## [Data excerpt]
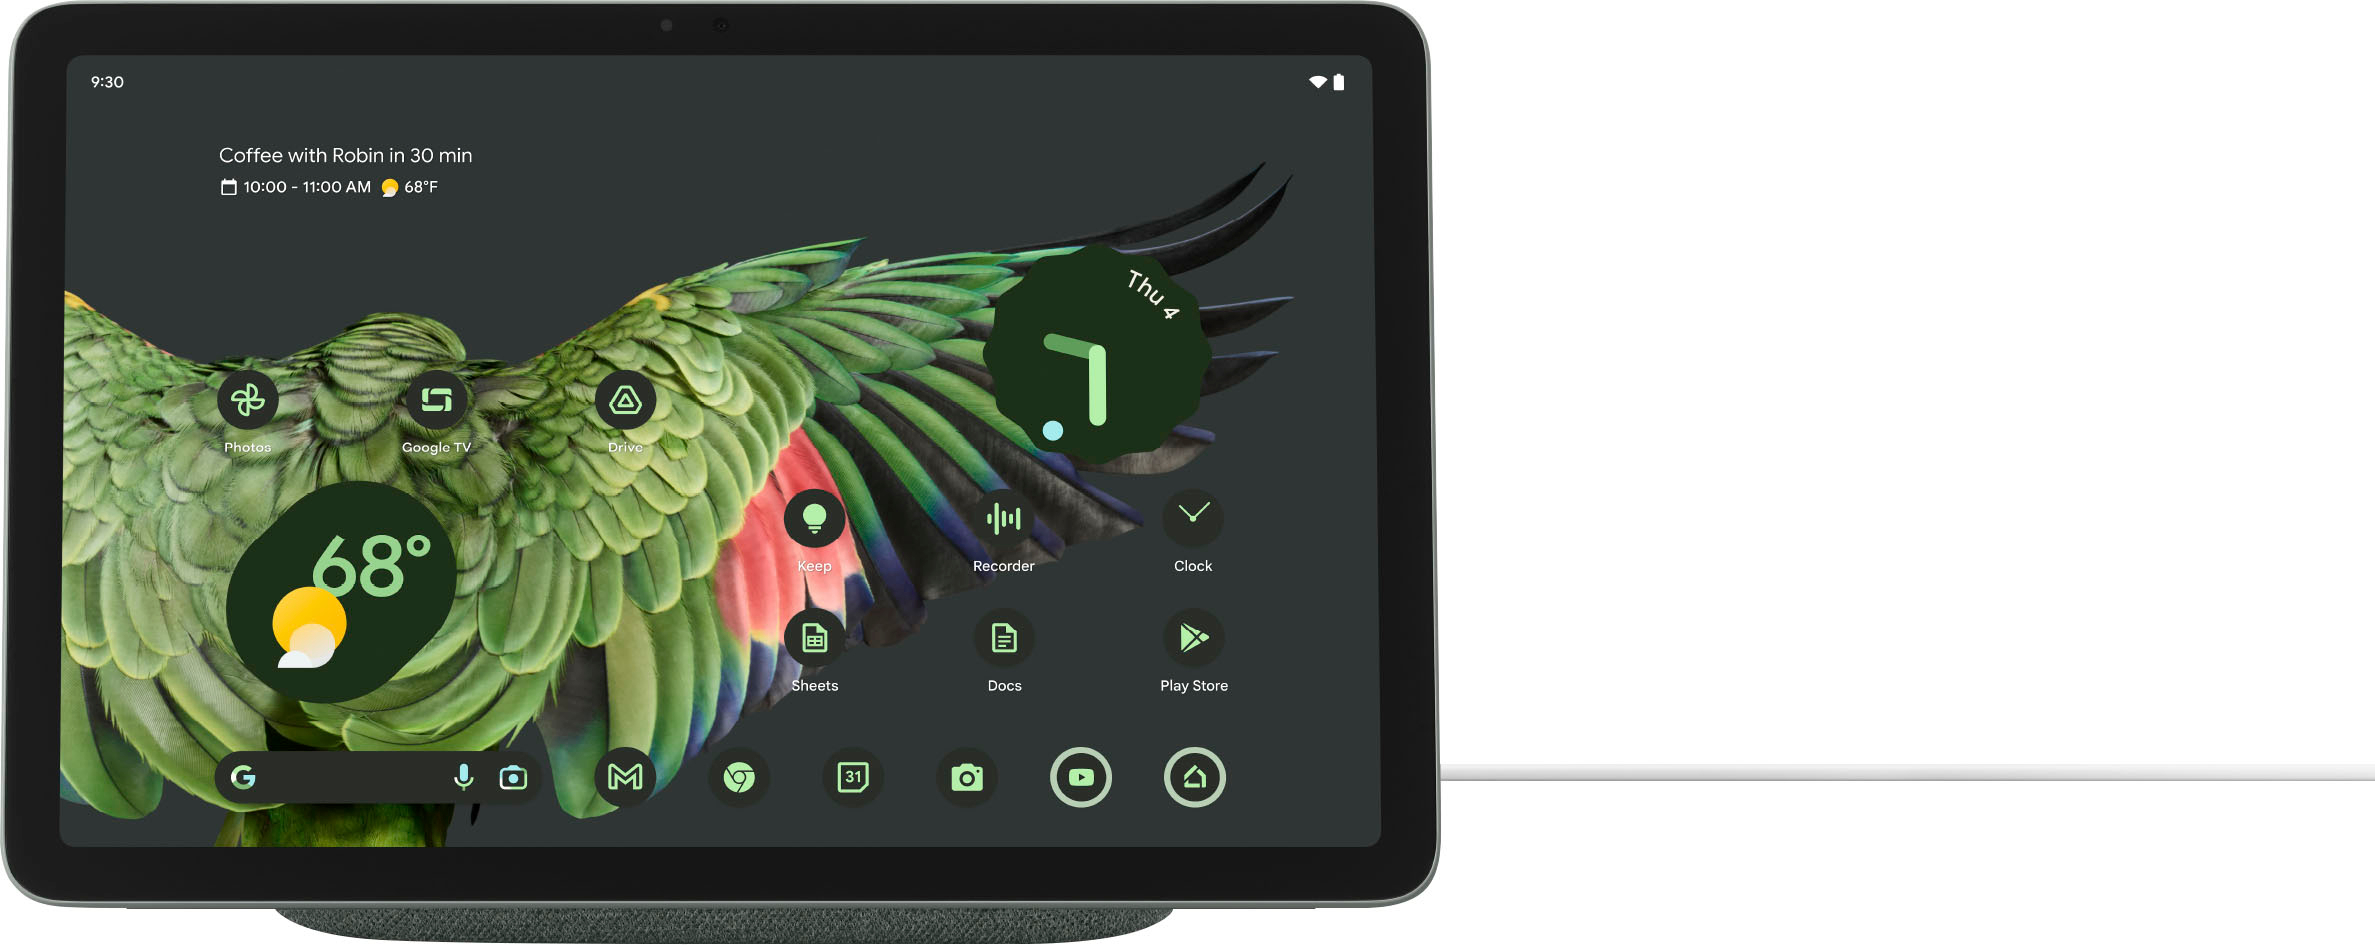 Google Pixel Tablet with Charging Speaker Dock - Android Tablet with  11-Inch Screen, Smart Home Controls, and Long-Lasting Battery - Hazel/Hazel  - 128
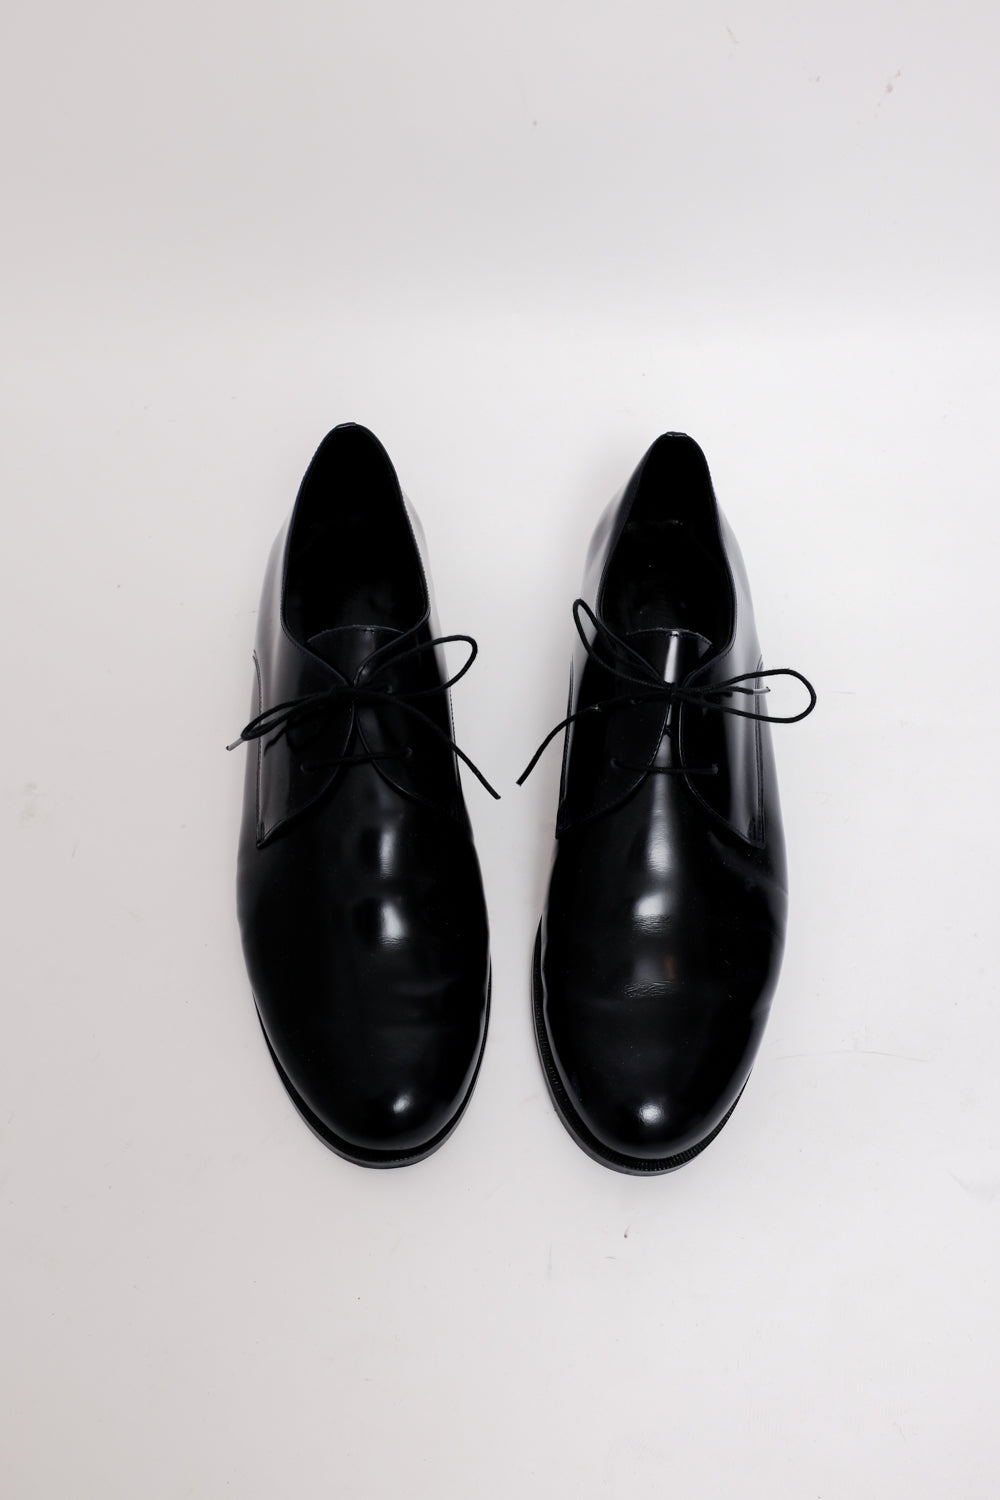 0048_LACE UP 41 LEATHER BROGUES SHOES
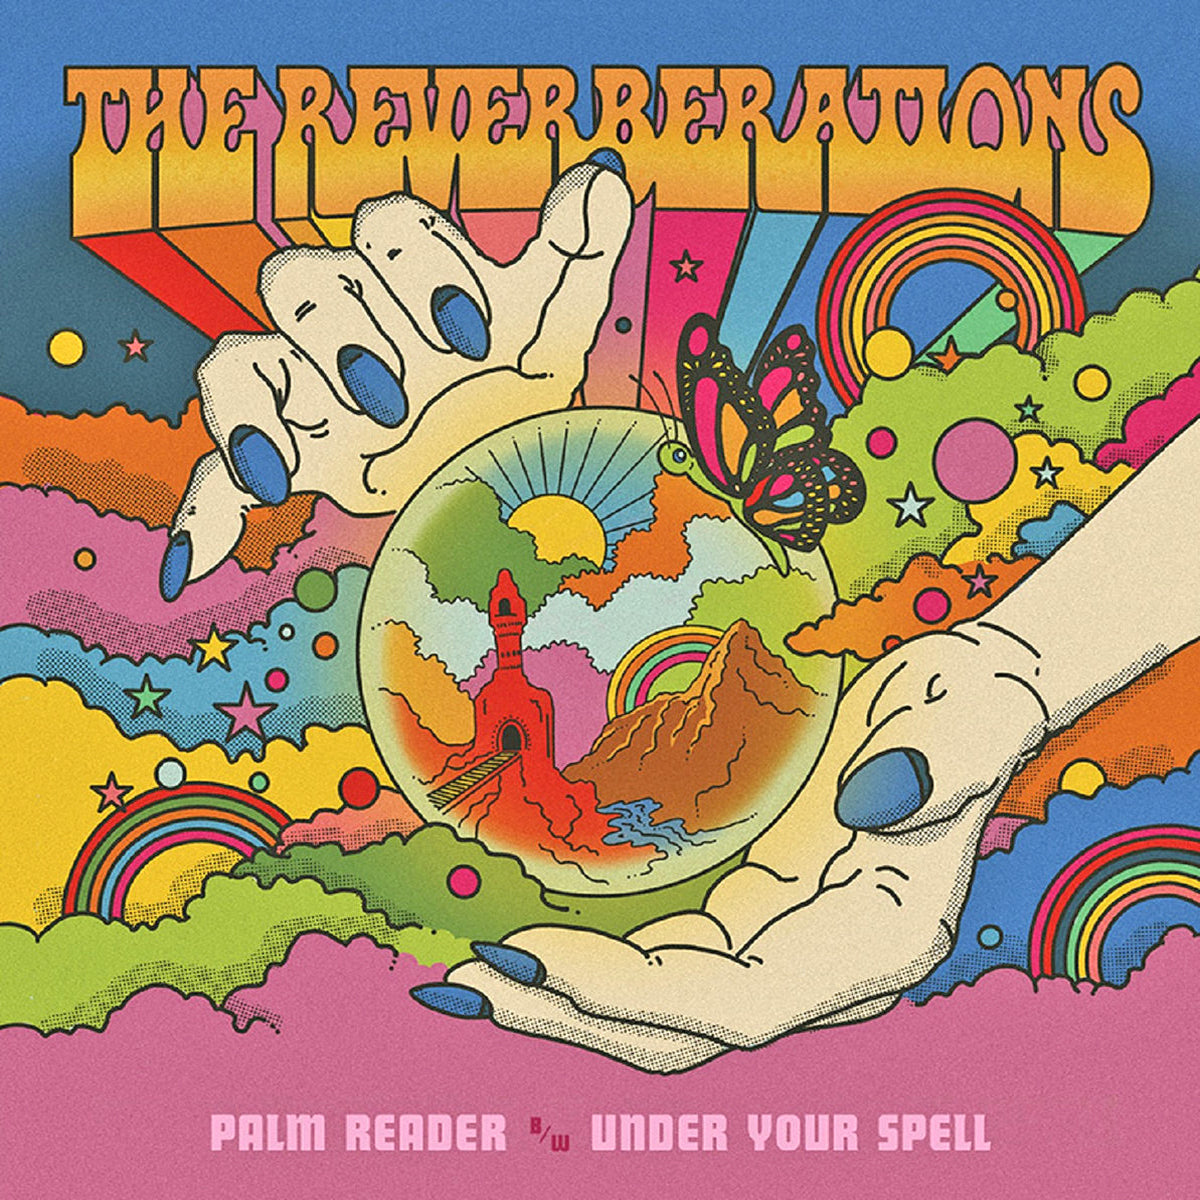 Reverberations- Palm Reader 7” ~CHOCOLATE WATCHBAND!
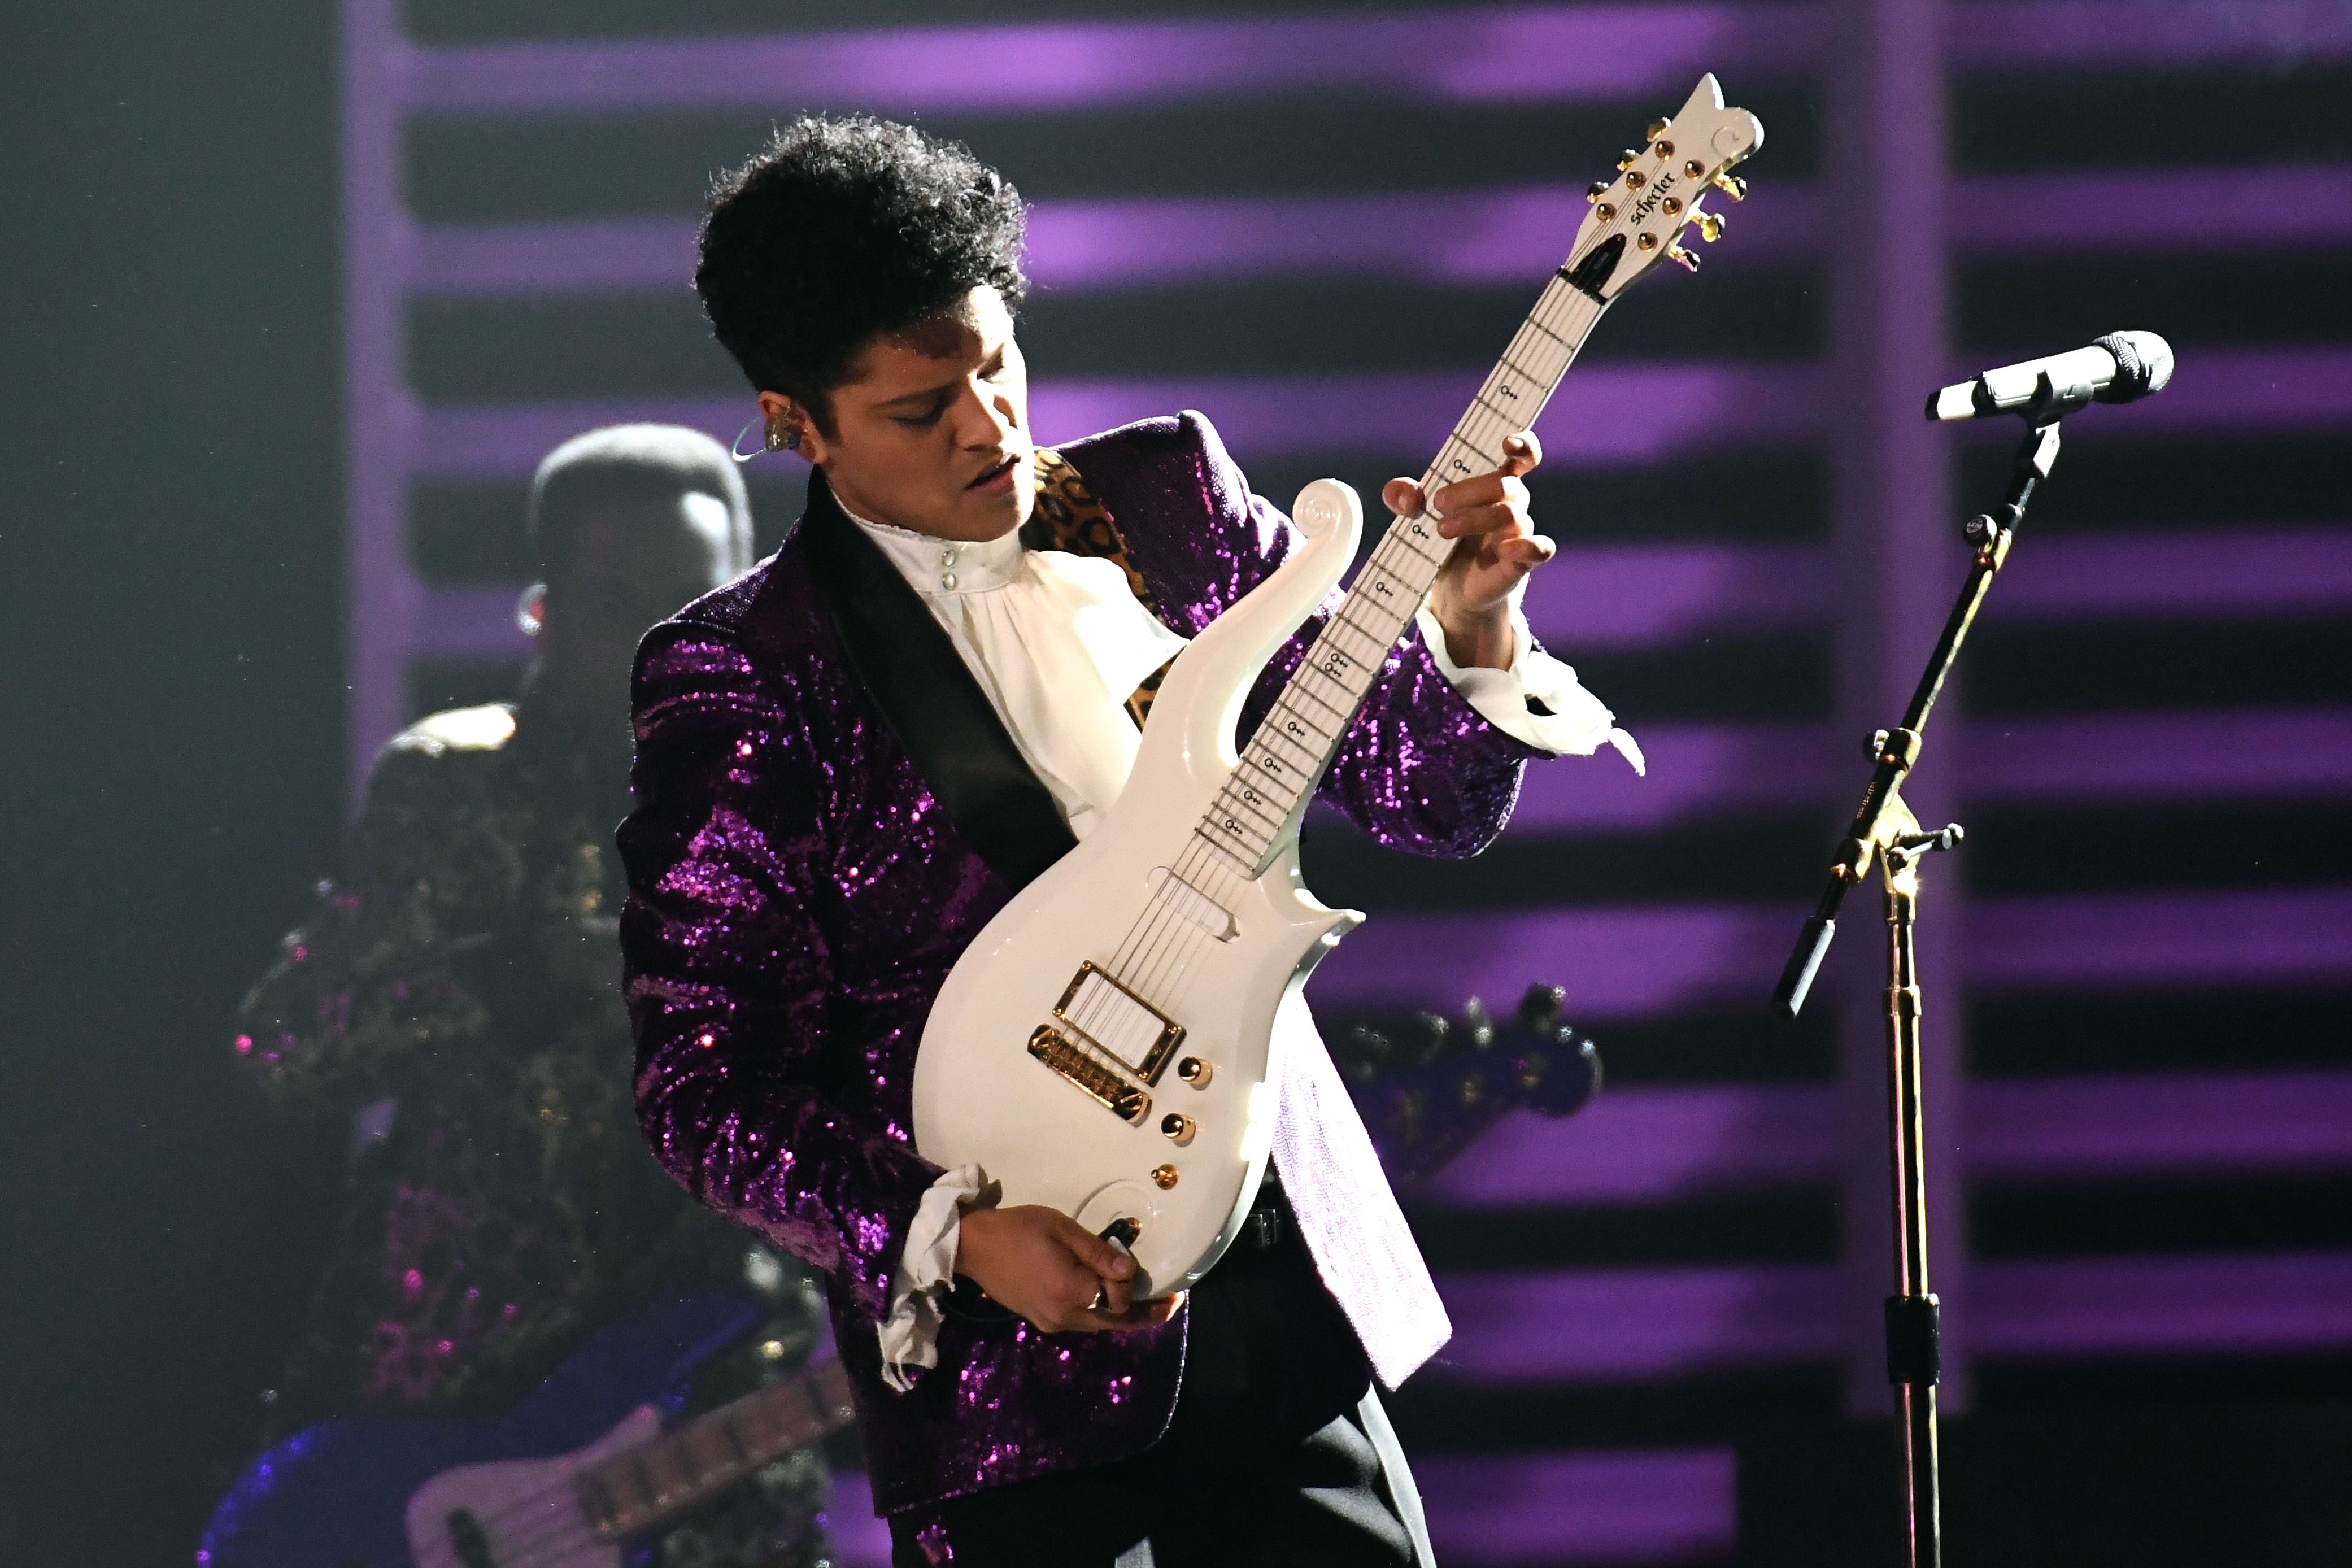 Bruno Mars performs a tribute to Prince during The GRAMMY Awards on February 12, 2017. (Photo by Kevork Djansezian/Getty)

## [Instructions for the task]
Before handing back the copy, remove the pictures; otherwise print the data exactly.

## [Output below]
 Google Pixel Tablet with Charging Speaker Dock - Android Tablet with  11-Inch Screen, Smart Home Controls, and Long-Lasting Battery - Hazel/Hazel  - 128
 0048_LACE UP 41 LEATHER BROGUES SHOES
 Reverberations- Palm Reader 7” ~CHOCOLATE WATCHBAND!
 Bruno Mars performs a tribute to Prince during The GRAMMY Awards on February 12, 2017. (Photo by Kevork Djansezian/Getty)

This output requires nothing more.